Use IBIS-AMI jitter parameters to set up TX jitter impairments in the stimulus. Add 5 ps of jitter due to DCD (Duty Cycle Distortion), 10 ps of SJ (Sinusoidal Jitter), and 1 ps RMS of RJ (Random Jitter).

stim.DCD = 5e-12; % 0.05 UI, Half of peak-to-peak DCD
stim.DCDUnit = "Seconds";

stim.Sj = 1e-11; % 0.1 UI, Amplitude of SJ
stim.SjUnit = "Seconds";
stim.SjFrequency = 206e6; % 206 MHz

stim.Rj = 1e-12; % 0.01 UI, Standard deviation of Gaussian random jitter
stim.RjUnit = "Seconds";

Get Waveform

The Stimulus system object generates one sample of data each time it is called. Call the object 16384 times to generate 1024 UI of data, oversampled at 16 samples per symbol.

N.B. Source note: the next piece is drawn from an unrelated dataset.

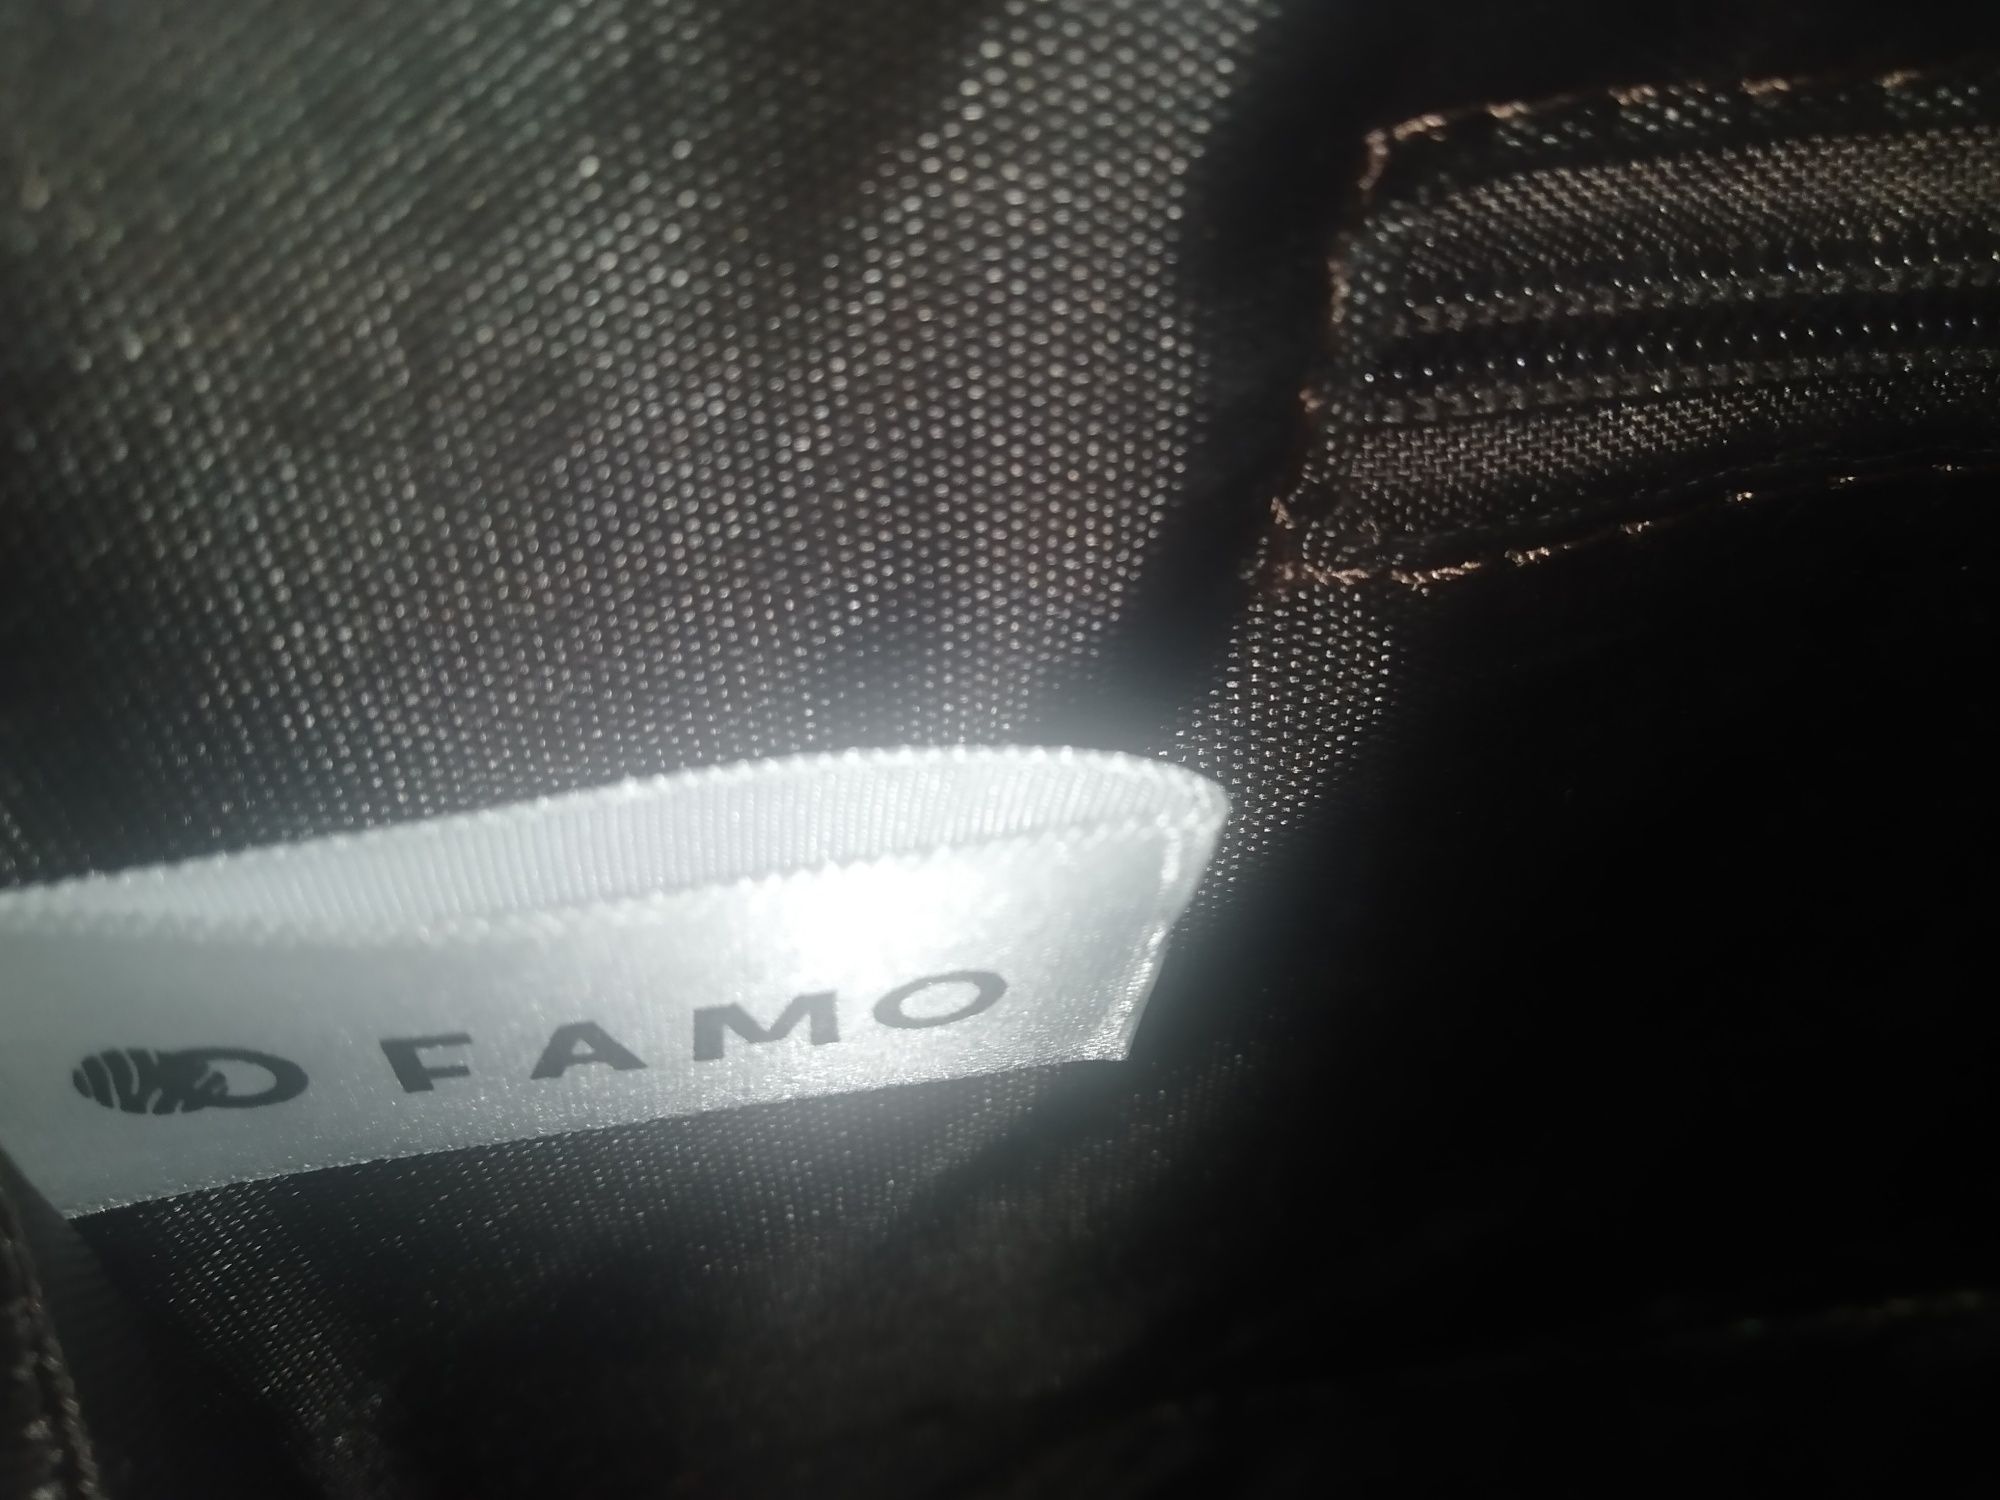 Продам сумку FAMO состояние идеальное

N = 1024*samplesPerSymbol;
wave = zeros(N,1);
for i = 1:N
    wave(i) = stim();
end

Measure Jitter

Use the function jitter to measure timing error and estimate jitter components. By default, the serdes.Stimulus uses differential signaling and produces a PAM2 waveform, so set SymbolThresholds to 0. Because wave came directly out of the stimulus and did not go through a channel, set ISI to 0 to disable the ISI estimate.

J = jitter(wave, ...
SymbolTime=symbolTime, ...
SampleInterval=sampleInterval, ...
SymbolThresholds=0, ...
ReferenceThresholds=0, ...
ISI=0)
J = struct with fields:
      TJrms: 8.9882e-12
     TJpkpk: 3.5812e-11
      RJrms: 2.8781e-12
      DJrms: 8.8365e-12
     DJpkpk: 3.0033e-11
        SJa: 9.6736e-12
        SJf: 2.0588e+08
        SJp: -1.1486
     DDJrms: 5.3445e-12
    DDJpkpk: 1.0689e-11
     DCDrms: 5.3446e-12
    DCDpkpk: 1.0689e-11
     ISIrms: 0
    ISIpkpk: 0

Compare Impairment and Results

IBIS Tx_DCD is half of the peak-to-peak duty cycle distortion. Therefore, the expected value of the measured DCDpkpk metric is double the DCD impairment. Sj (from the Stimulus) and SJa (from the results) both represent the amplitude of a sinusoid, so their values should be the same. RJrms should also be the similar to the injected amount of Rj as the number of samples goes to infinity.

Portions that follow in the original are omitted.